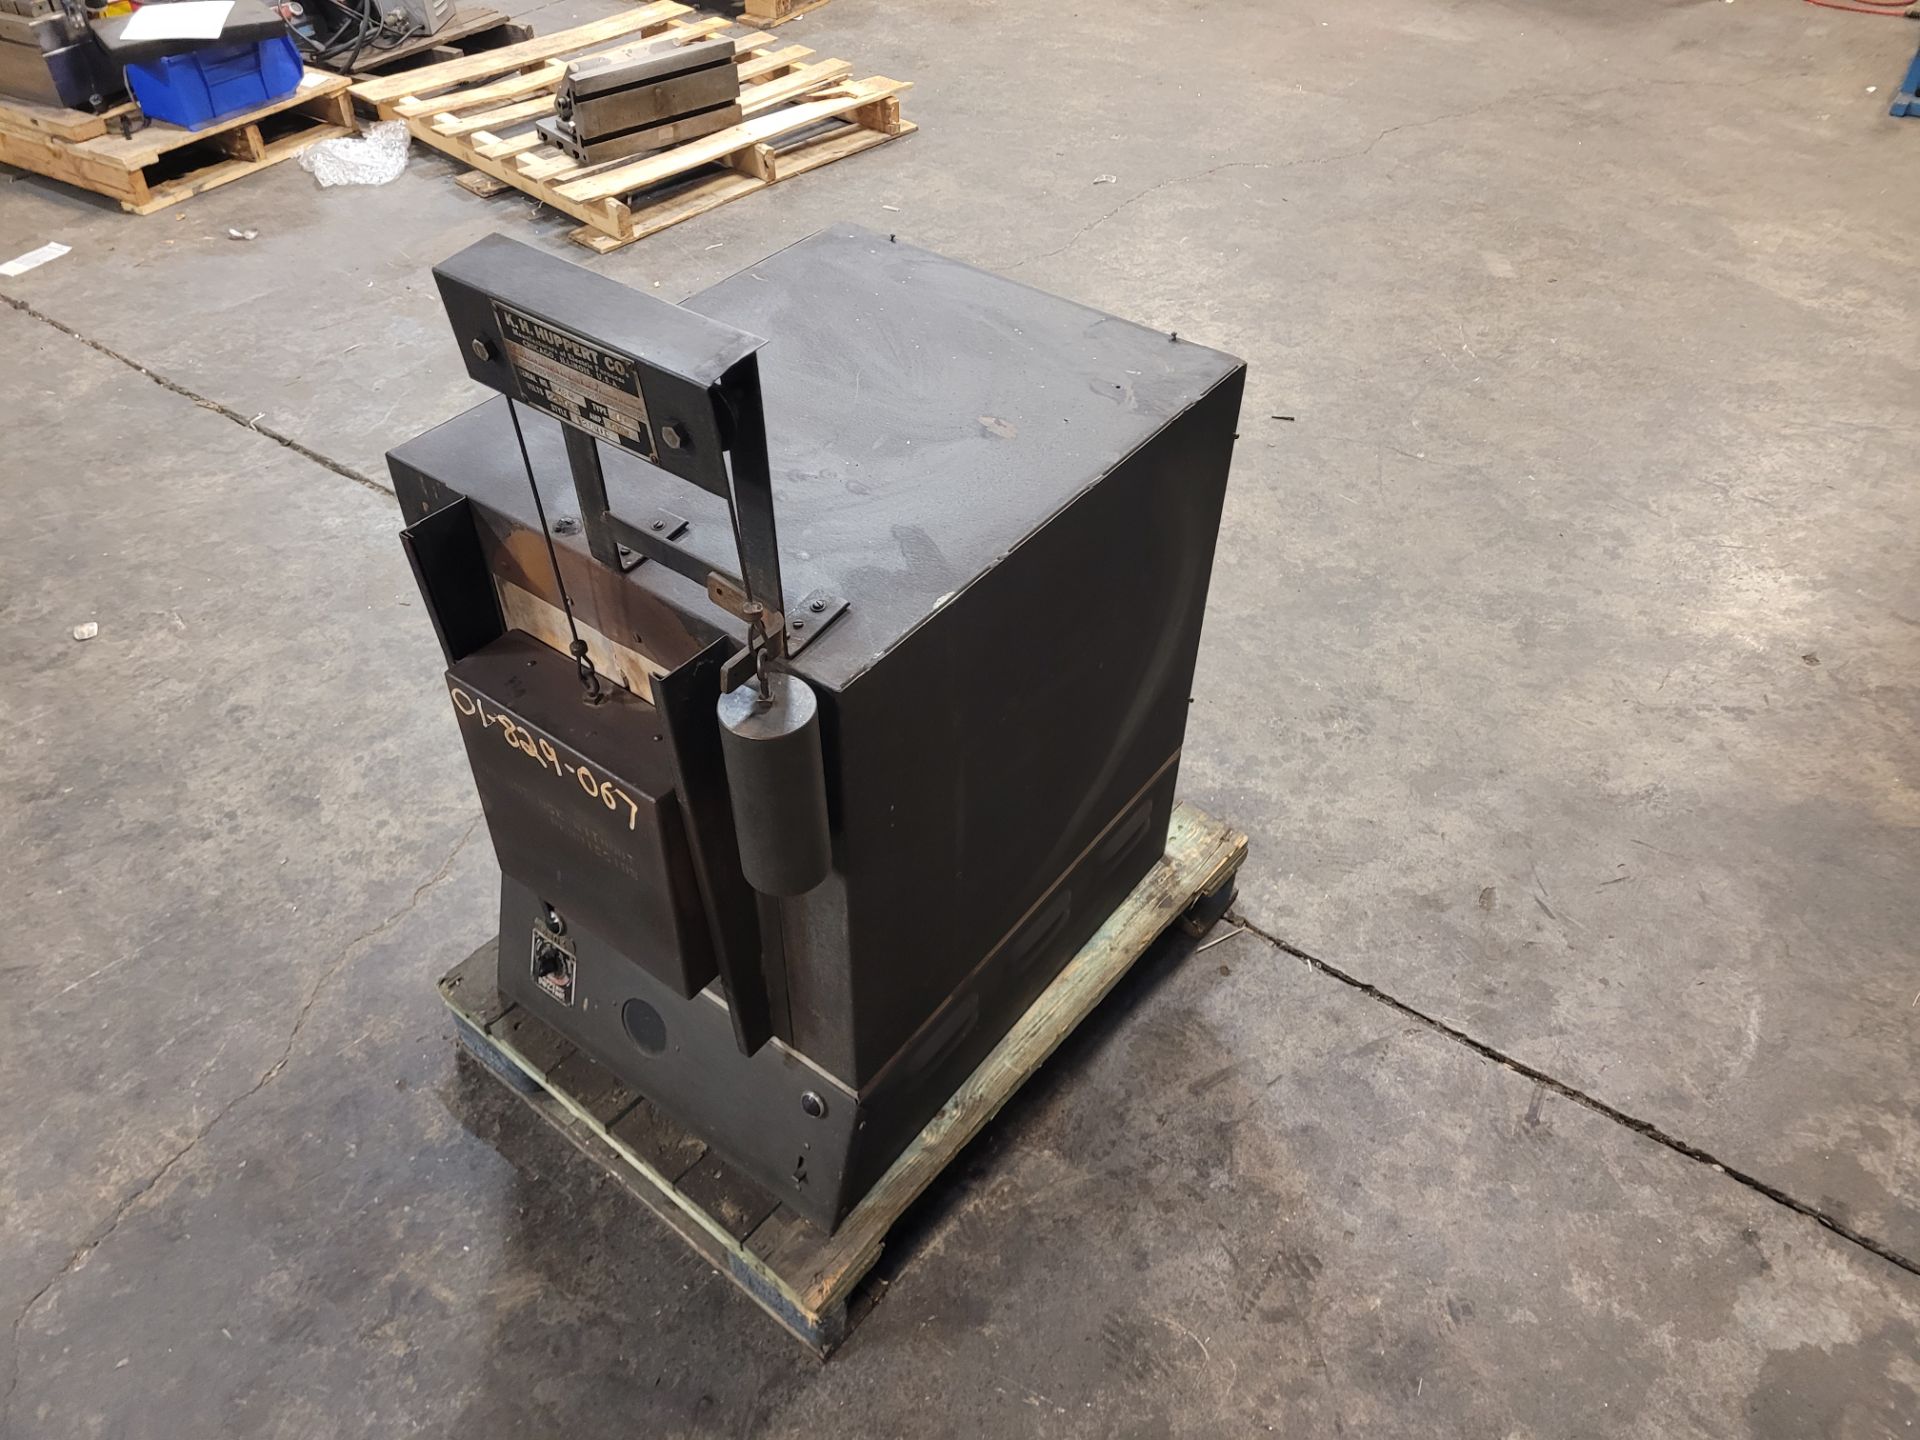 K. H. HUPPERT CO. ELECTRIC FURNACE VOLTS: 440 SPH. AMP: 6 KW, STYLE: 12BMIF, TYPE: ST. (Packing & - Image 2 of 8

* * *

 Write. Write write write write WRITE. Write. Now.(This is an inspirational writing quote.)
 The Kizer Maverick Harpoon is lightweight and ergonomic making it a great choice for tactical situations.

* * *

WHAT THE TASK REQUIRES:
The entries above hold a line with "Write. Write write" and a later line with "The Kizer Maverick". Write out exactly those lines and all lines between, nothing more.

ANSWER BELOW:
 Write. Write write write write WRITE. Write. Now.(This is an inspirational writing quote.)
 The Kizer Maverick Harpoon is lightweight and ergonomic making it a great choice for tactical situations.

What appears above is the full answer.